LayoutTime (ms)Bandwidth UtilizationSpeedup
AoS (scalar) 4.8 15% 1.0x
AoS (auto-vec attempt) 3.2 22% 1.5x (poor vectorization)
SoA (scalar) 3.1 23% 1.55x (better cache use)
SoA (AVX2) 0.6 85% 8.0x
Note: SoA with AVX2 achieves near-peak memory bandwidth. AoS wastes bandwidth loading unused fields.

Conclusion

Vector processing spans a vast range of hardware, from 128-bit ARM NEON on a phone to 32-wide warps on a datacenter GPU. The principles are constant across all of them:

  1. Data parallelism is the source of throughput. Whether expressed as SIMD lanes or SIMT threads, processing multiple elements per instruction is what makes modern hardware fast.

  2. Contiguous, independent, uniform data is the prerequisite. Linked lists, loop-carried dependencies, and per-element branches all kill vectorization efficiency.

  3. Start with auto-vectorization. Use -O3 with the appropriate target flags (-mavx2, -march=native) and verify with compiler diagnostics.
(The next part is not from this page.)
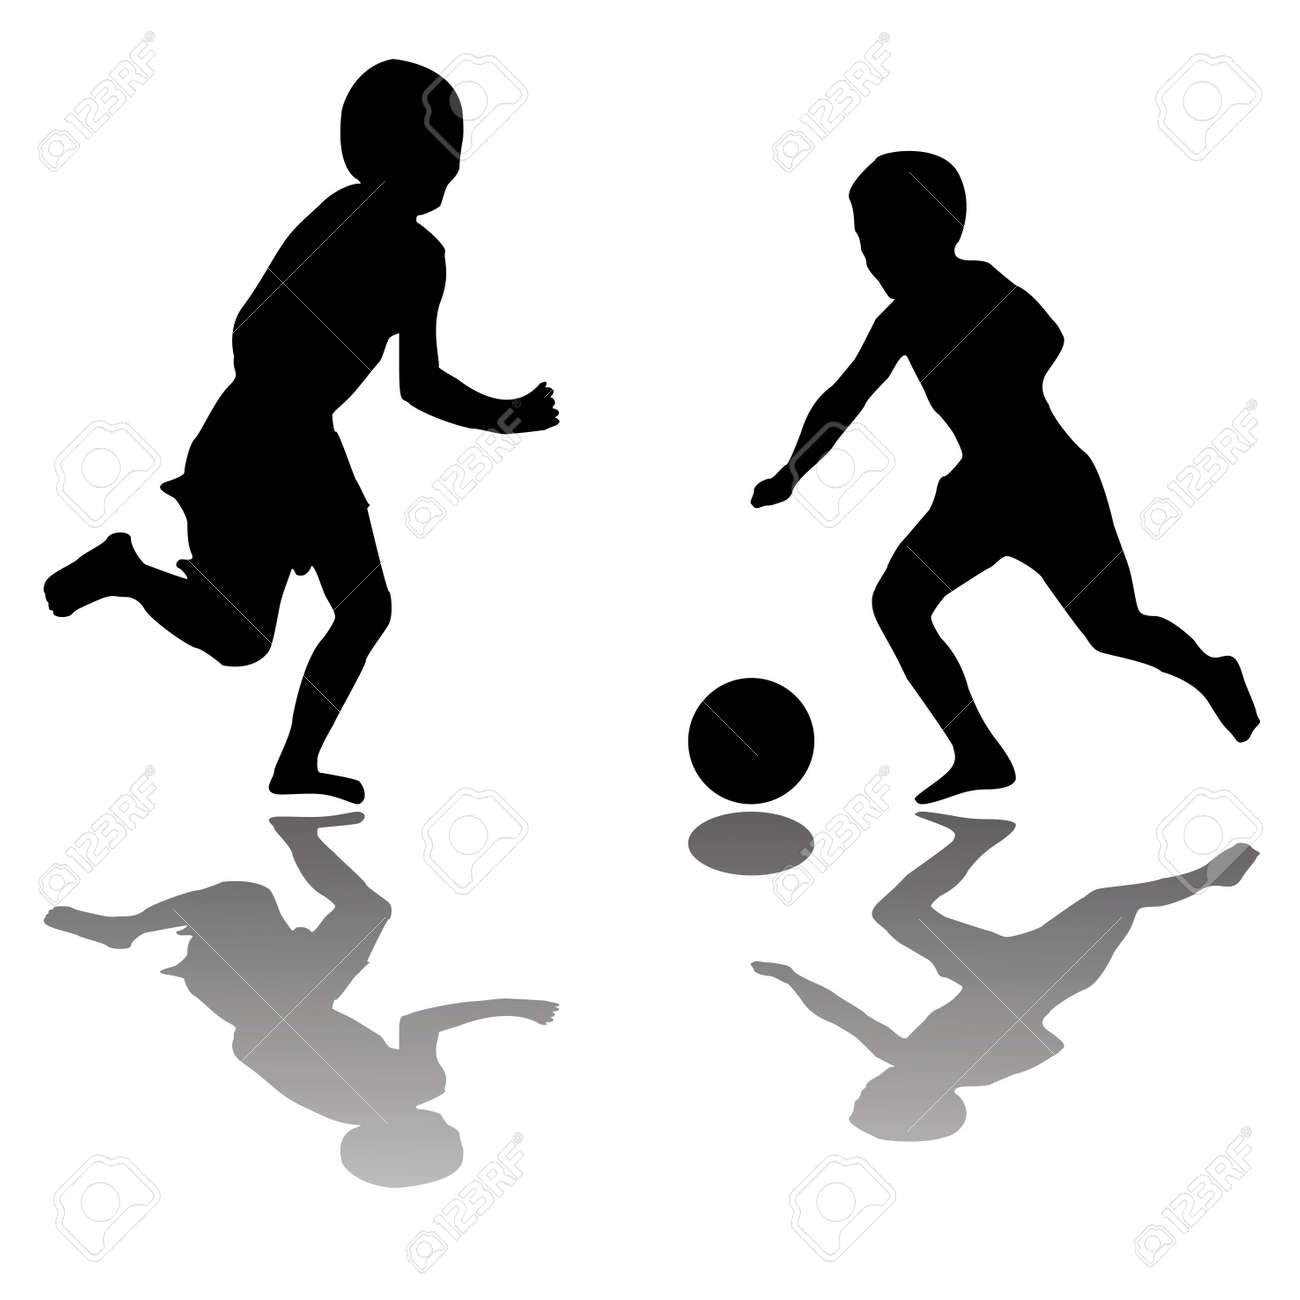 Vettoriale Bambini A Giocare A Calcio Nero Isolato Su Sfondo

For simple loops, auto-vectorization reaches 80-95% of manual intrinsics performance.

  4. Drop to intrinsics for complex patterns. Sliding windows, custom reductions, approximate math functions, and data layout transformations often need manual SIMD code to achieve full performance.

  5. GPU SIMT is CPU SIMD taken to the extreme. The same data-parallel thinking applies, but at 1000x the throughput for bandwidth- and compute-bound workloads. The cost is transfer latency and programming complexity.
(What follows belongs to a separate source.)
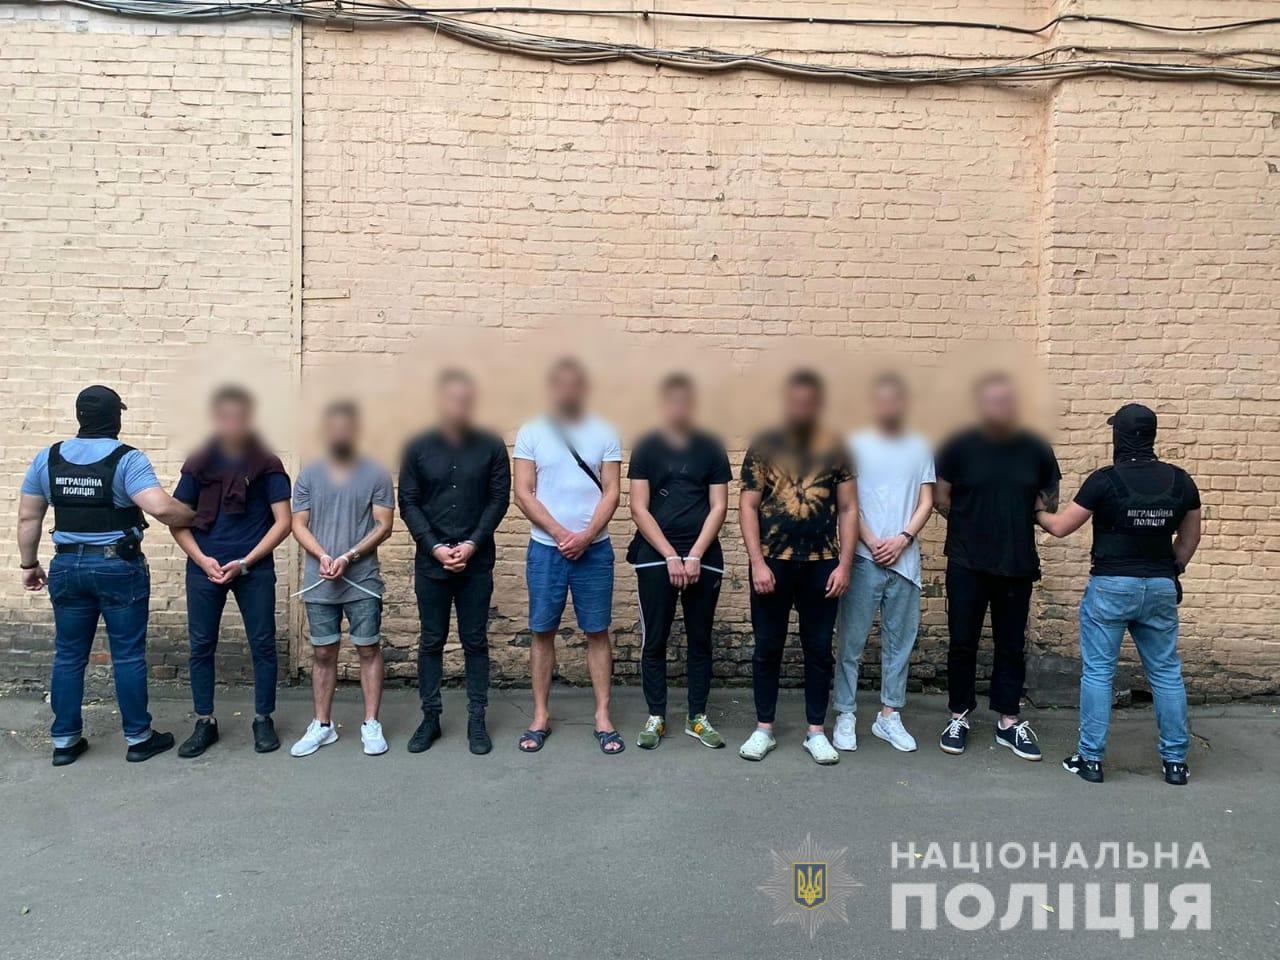 Полиция заявила о задержании банды во главе с россиянином. Жертв пытали и грабили: видео

  6. The CPU-vs-GPU decision depends on data size and arithmetic intensity. Small data with low latency requirements belongs on CPU. Large data with high arithmetic intensity belongs on GPU. The crossover region (100 KB to 10 MB, moderate intensity) requires benchmarking for your specific workload.

The practical recommendation: understand both CPU SIMD and GPU SIMT, because modern systems use both. CPU SIMD handles preprocessing, postprocessing, and latency-sensitive paths. GPU SIMT handles the heavy compute. The best systems use each where it is strongest.